🤖 AI Summary
This study addresses the limited generalization of existing depth estimation algorithms in vegetation-dense environments and the absence of dedicated evaluation benchmarks. We present the first high-resolution stereo dataset for trunk depth estimation tailored to UAV-based forestry operations, comprising 5,313 image pairs. Without any fine-tuning, we conduct a zero-shot cross-domain evaluation of eight state-of-the-art stereo matching methods spanning diverse paradigms—including iterative optimization, foundation models, diffusion models, and 3D CNNs. Experimental results show that DEFOM achieves the best average rank of 1.75 across multiple benchmarks, including ETH3D, KITTI, Middlebury, and our newly introduced dataset, demonstrating superior performance in trunk-centric scenes.
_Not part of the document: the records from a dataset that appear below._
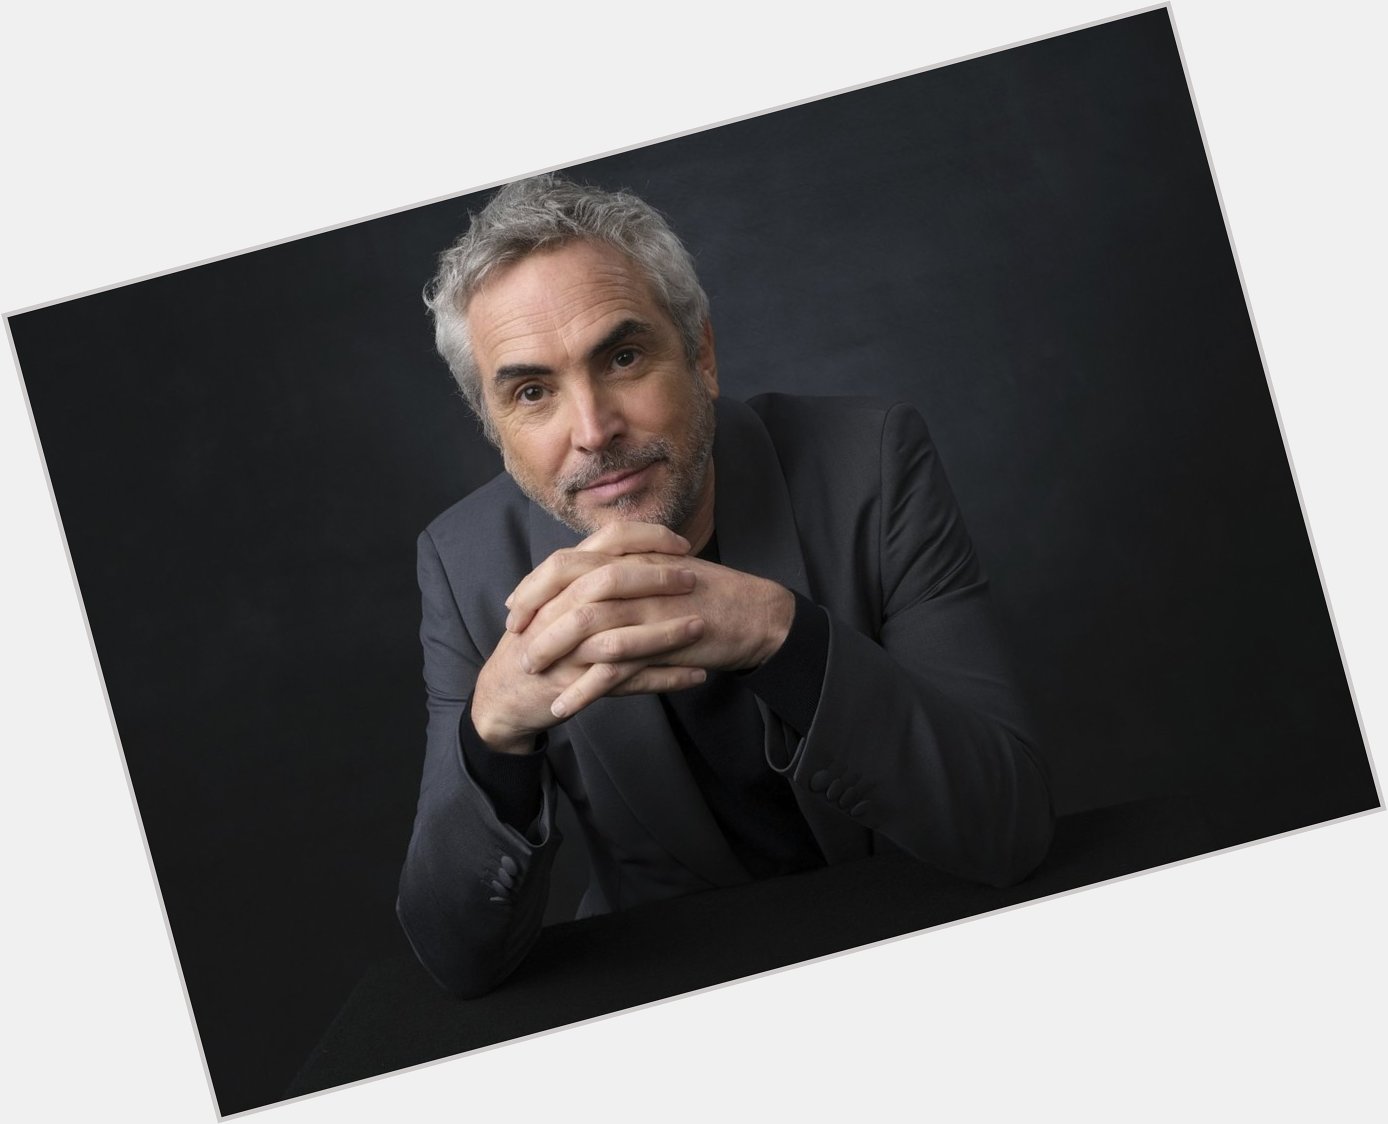 Happy 60th Birthday to Alfonso Cuarón, director of the visual masterpiece Harry Potter and the Prisoner of Azkaban! 
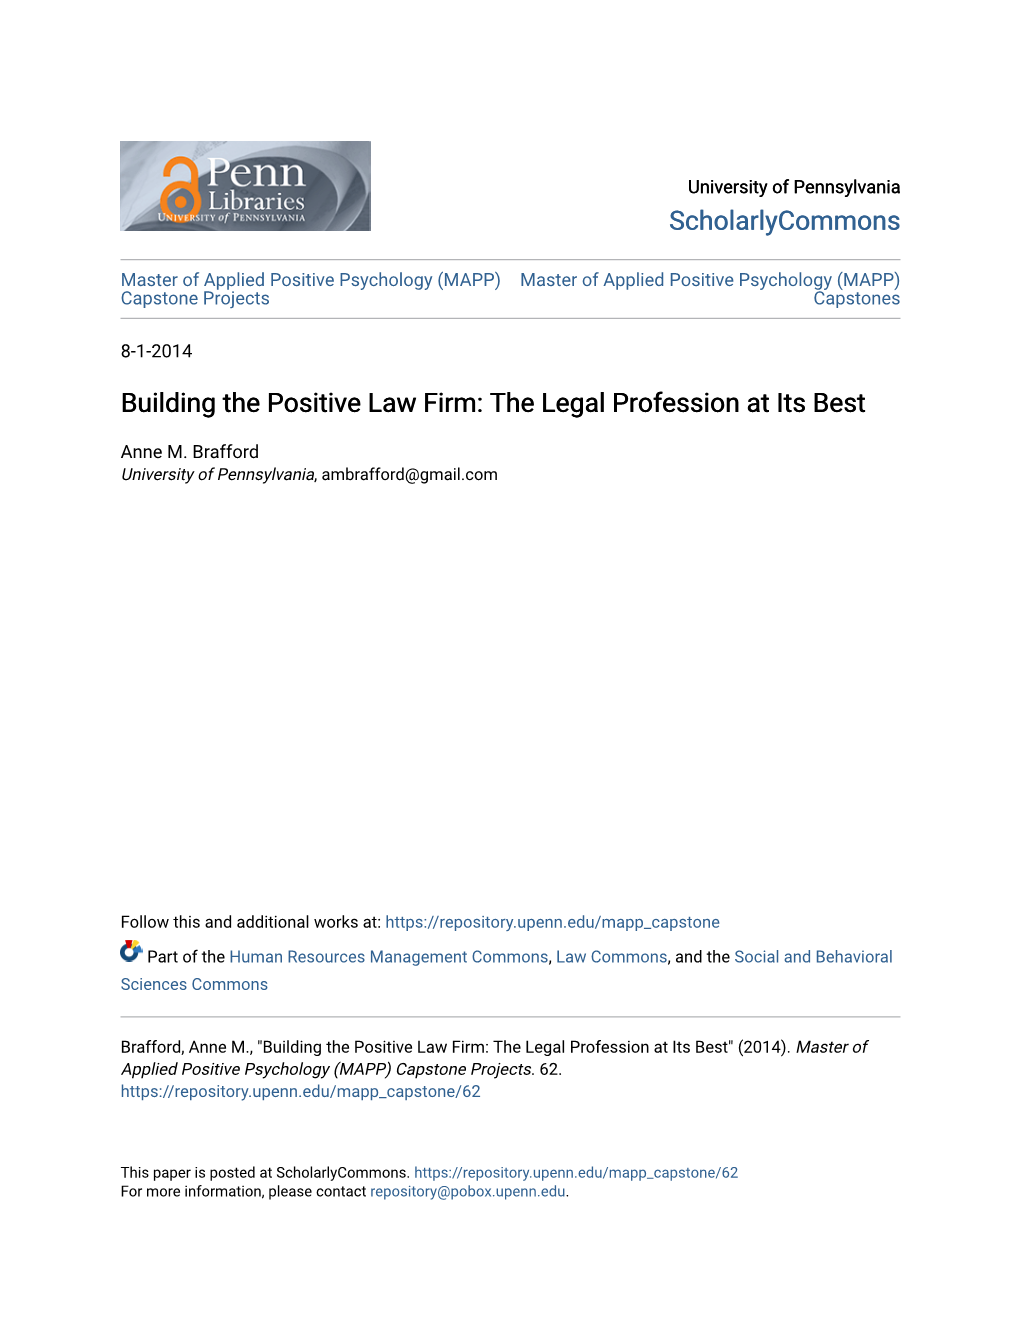 Building the Positive Law Firm: the Legal Profession at Its Best
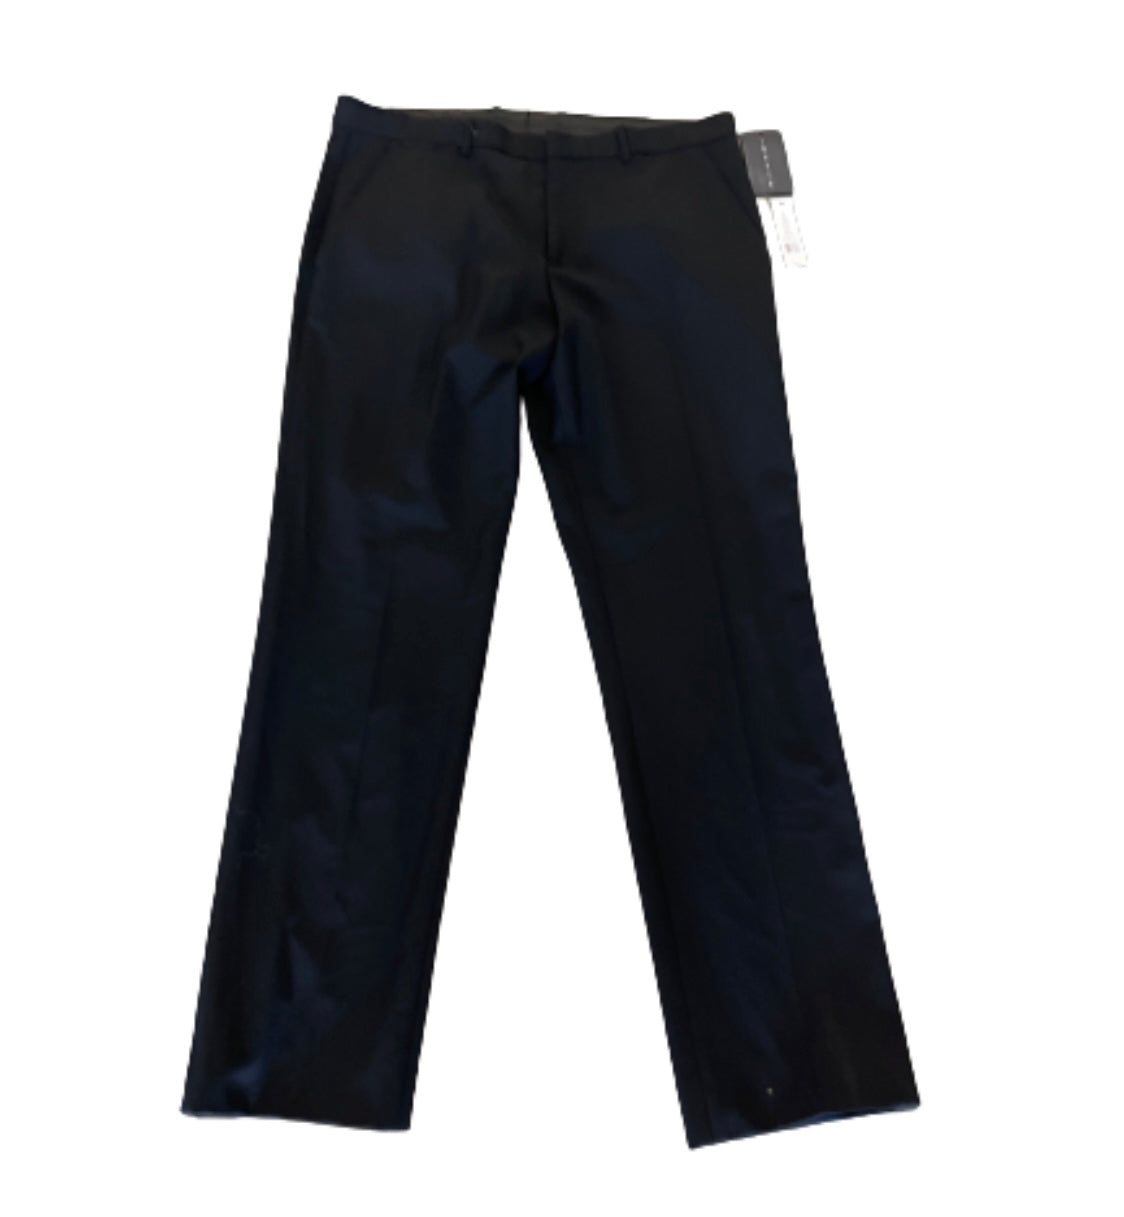 BONES: Agent Booth’s Charcoal THEORY Pants (36)

Consequently, DEFOM is established as the gold-standard baseline for depth estimation in vegetated environments, and its predictions are provided as pseudo-ground-truth to facilitate future research.
📝 Abstract
Autonomous UAV forestry operations require robust depth estimation with strong cross-domain generalization, yet existing evaluations focus on urban and indoor scenarios, leaving a critical gap for vegetation-dense environments. We present the first systematic zero-shot evaluation of eight stereo methods spanning iterative refinement, foundation model, diffusion-based, and 3D CNN paradigms. All methods use officially released pretrained weights (trained on Scene Flow) and are evaluated on four standard benchmarks (ETH3D, KITTI 2012/2015, Middlebury) plus a novel 5,313-pair Canterbury Tree Branches dataset ($1920 \times 1080$). Results reveal scene-dependent patterns: foundation models excel on structured scenes (BridgeDepth: 0.23 px on ETH3D; DEFOM: 4.65 px on Middlebury), while iterative methods show variable cross-benchmark performance (IGEV++: 0.36 px on ETH3D but 6.77 px on Middlebury; IGEV: 0.33 px on ETH3D but 4.99 px on Middlebury). Qualitative evaluation on the Tree Branches dataset establishes DEFOM as the gold-standard baseline for vegetation depth estimation, with superior cross-domain consistency (consistently ranking 1st-2nd across benchmarks, average rank 1.75). DEFOM predictions will serve as pseudo-ground-truth for future benchmarking.